Maryland Guppy, my Petco thankfully has the best aquatics sails manager! I actually haven't seen one dead fish at my Petco, he says he never purchases (or orders) a fish he has never kept or done extensive research on, I consider him a go to guy for free things I will have to say, or discount items.


----------



## dru (Mar 9, 2013)

Petco is stepping up their tissue culture game


----------



## BettaBettas (Aug 21, 2016)

not mine *cries in dark corner of despair* lol


----------



## LifesABichir (Nov 4, 2016)

I found some to. It was the most pathetic smallest plants but I bought them anyway. They melted and I floated them in a net because they were so small. One of my fish knocked the net off into the water and I still can't find them lol.


----------



## Quack (Nov 14, 2016)

I've found utricularia graminifolia there twice. Have also seen a buce. 

Sent from my VS986 using Tapatalk


----------



## MtAnimals (May 17, 2015)

The petco and petsmart here are both awful,though the petsmart isn't as bad.I've walked into the petco on a saturday for instance,and the help will be hanging out bs'ing,and every tank has 2 or 3 dead and dying fish.

I spoke with the person who orders plants at petsmart,they give her a species list,and she has no idea what any of them are.

That being said,I did get a nice bag of Crypt wendtii there,no melting,thrived in every tank I put it in.I also got a bag of the "telanthera cardinalis" (alternanthera reineckii),and it's done well too.


----------



## FishRFriendz (Dec 21, 2016)

Wow, after looking around, Petco own DrFosterSmith and LiveAquaria, who knows what else...

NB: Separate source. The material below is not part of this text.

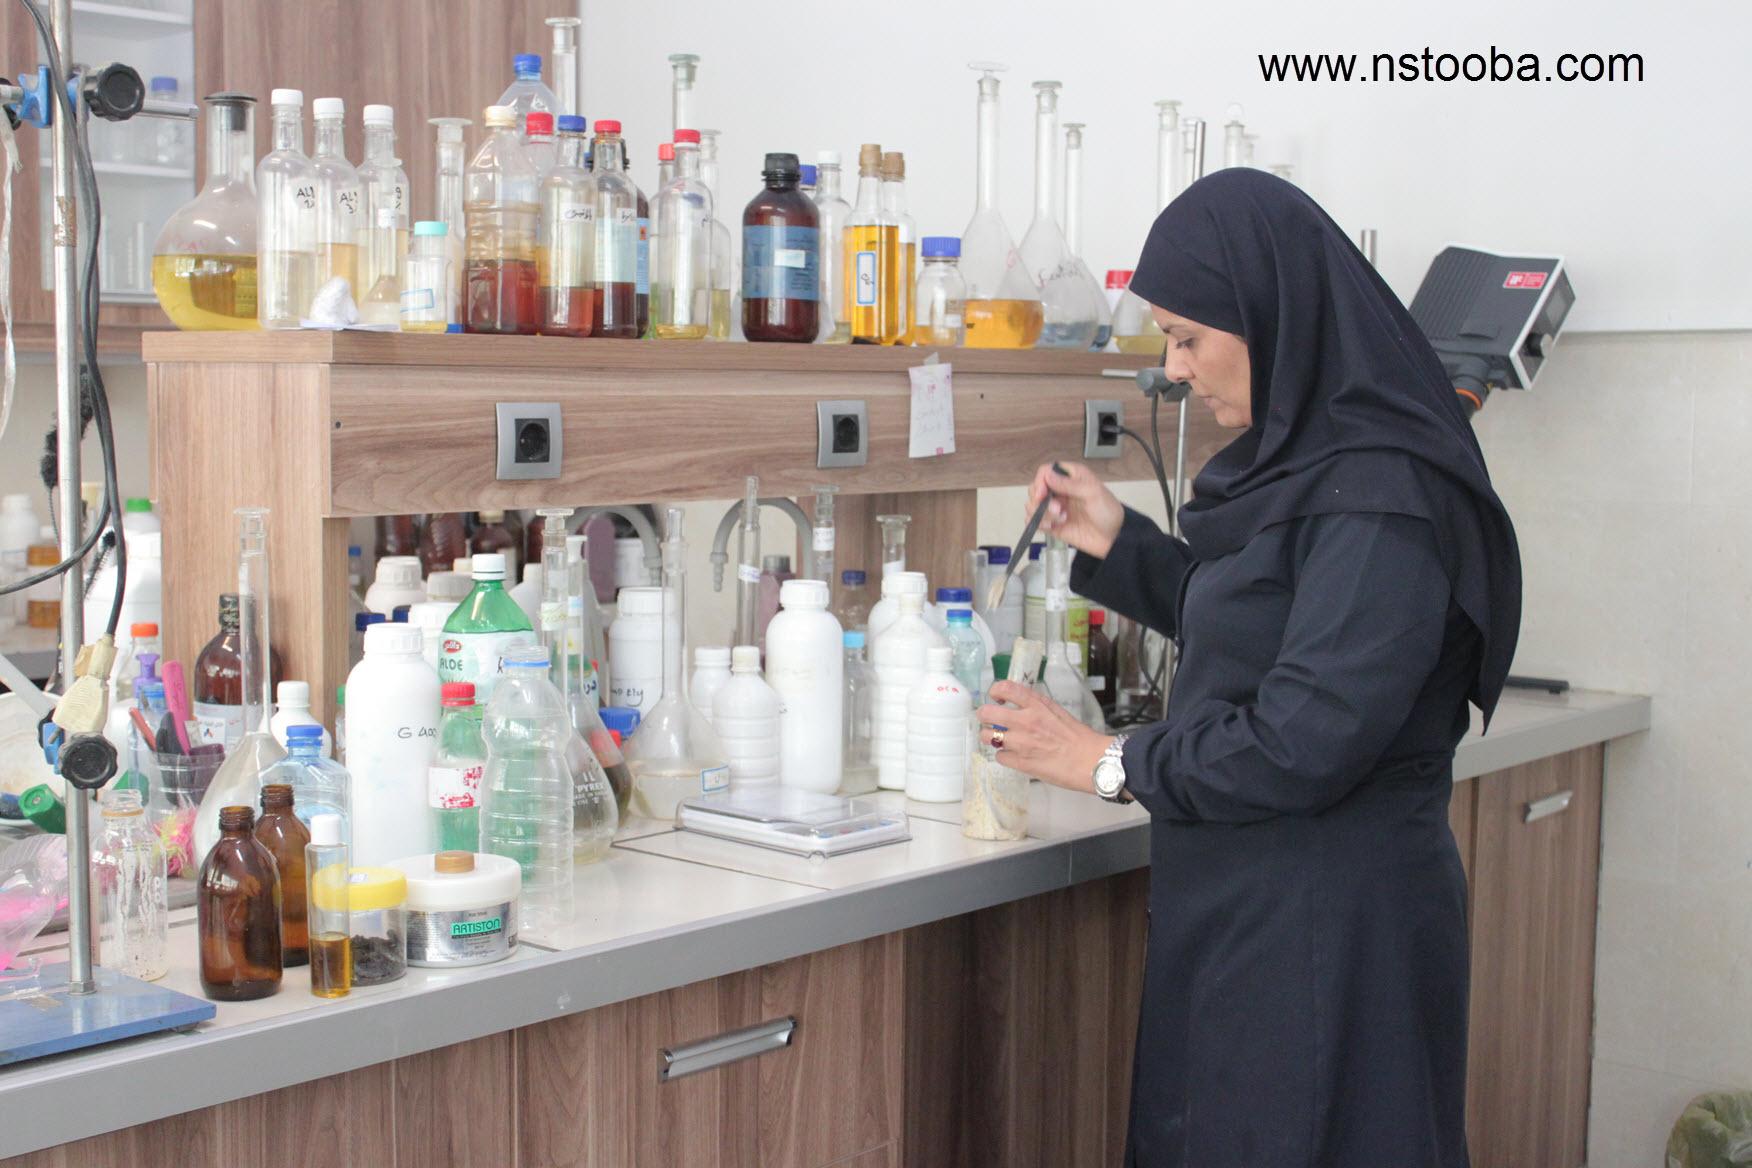 دکتر مریم نگهبان (آزمایشگاه فرمولاسیون آفتکش های گیاهی و غیر شیمیایی

Man what next, Petsmart owning BRS?


----------



## Veek (Nov 15, 2017)

I just saw one at my local Petco too... thought it was news but apparently it isn't. Didn't buy it because the gel has all melted and the plant was swirling in the goop, and all the other tissue culture plants there were in various stages of decomposition.


----------



## ThatFishThough (Dec 20, 2017)

My PetCo has little things like Riccia and DHG in tissue culture. There's normally a ton of melted Bacopa/Ludwiga/etc, never any that looks semi-ok. They frequently manage to kill the tube plants, too. Immersed section is okay; sometimes it looks nice and organized, other times it's a mess of floating leaves and uprturned plants. Mostly swords and Anarchis. They have those floating Java Moss balls in an actual tank, and Marimos in the "Betta Buddy" cups. Sometimes there's an Anubias somewhere in there, but usually not.

PetSmart doesn't even sell immersed plants, and most of the tube-plants are non-aquatic. They have the best selection of tissue cultures in town though (which isn't saying much.)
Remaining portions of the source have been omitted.